How Microsoft Is Moving 4,000 Repos to GitHub (And What You Can Learn From It)
5. 6. 2026
Microsoft is moving 4,000+ repos and thousands of developers from Azure DevOps to GitHub — not because Azure DevOps is dead, but because Copilot is where the AI action is. Here's how they're pulling it off without burning everything down.
So Microsoft published a post about how their internal CAP (Copilot, Agents, and Platforms) organization is migrating away from Azure DevOps to GitHub, and it's actually worth reading — not for the corporate cheerleading, but for the honest bits about what a migration at this scale actually looks like.
Let me break it down for you without the marketing fluff.
The situation: 53 Azure DevOps orgs. Really.
CAP manages roughly 4,000 active repositories spread across 53 separate Azure DevOps organizations. Fifty-three. I don't know how you end up in that situation without someone at some point saying "maybe we should rethink this," but here we are. That kind of fragmentation is death by a thousand org boundaries — code discovery gets painful, cross-team visibility is basically non-existent, and onboarding new people is a nightmare.
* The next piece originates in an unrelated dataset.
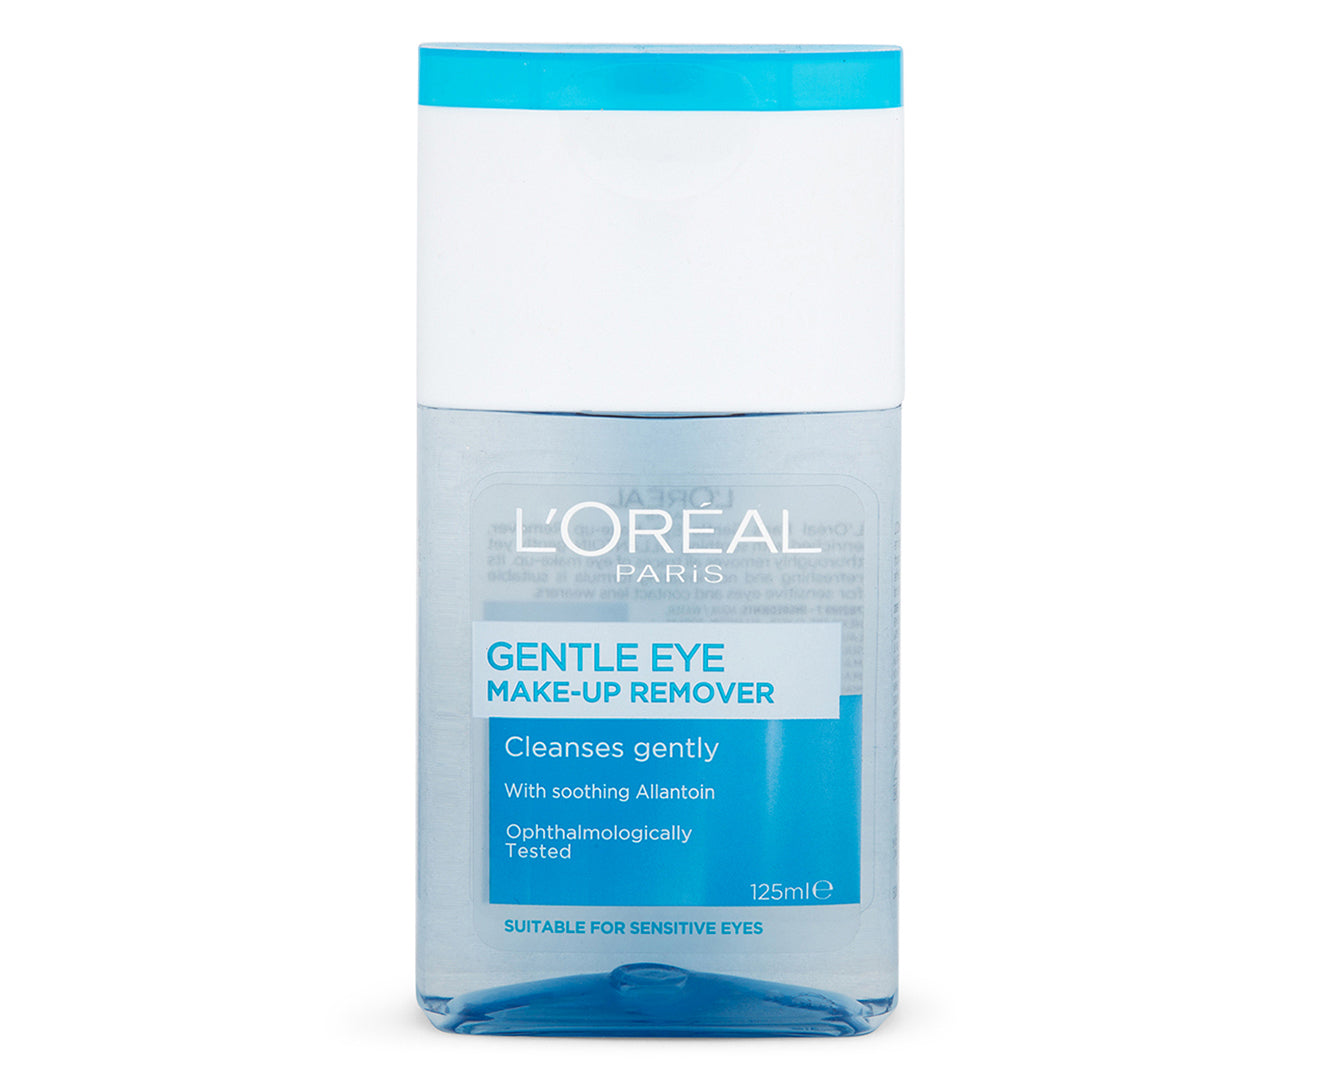 L'Oréal Paris Gentle Eye Make-Up Remover 125mL - Homeware Discounts

The migration started about six months ago. So far they've moved over 1,600 repos and around 3,100 developers. That's more than 80% of the in-scope repositories and 45% of developers — done. Not bad.
Why GitHub and why now?
The honest answer: Copilot. GitHub Copilot Coding Agent, Code Review, agentic security scanning, all the AI-first stuff that's baked into GitHub — it's not coming to Azure DevOps at the same pace. If you're a big org and you want earlier access to that tooling, you move where the development is happening.
CAP teams are already running AI-driven workflows for security scanning and issue remediation post-migration. That's not a feature you wait for — it's table stakes now if you want to stay competitive on developer productivity.
The secondary win is consolidation. Going from 53 fragmented orgs down to one GitHub organization means code discovery actually works. Engineers can find each other's repos. That sounds boring until you've lived in a multi-org sprawl and wasted two weeks just tracking down where some shared library lives.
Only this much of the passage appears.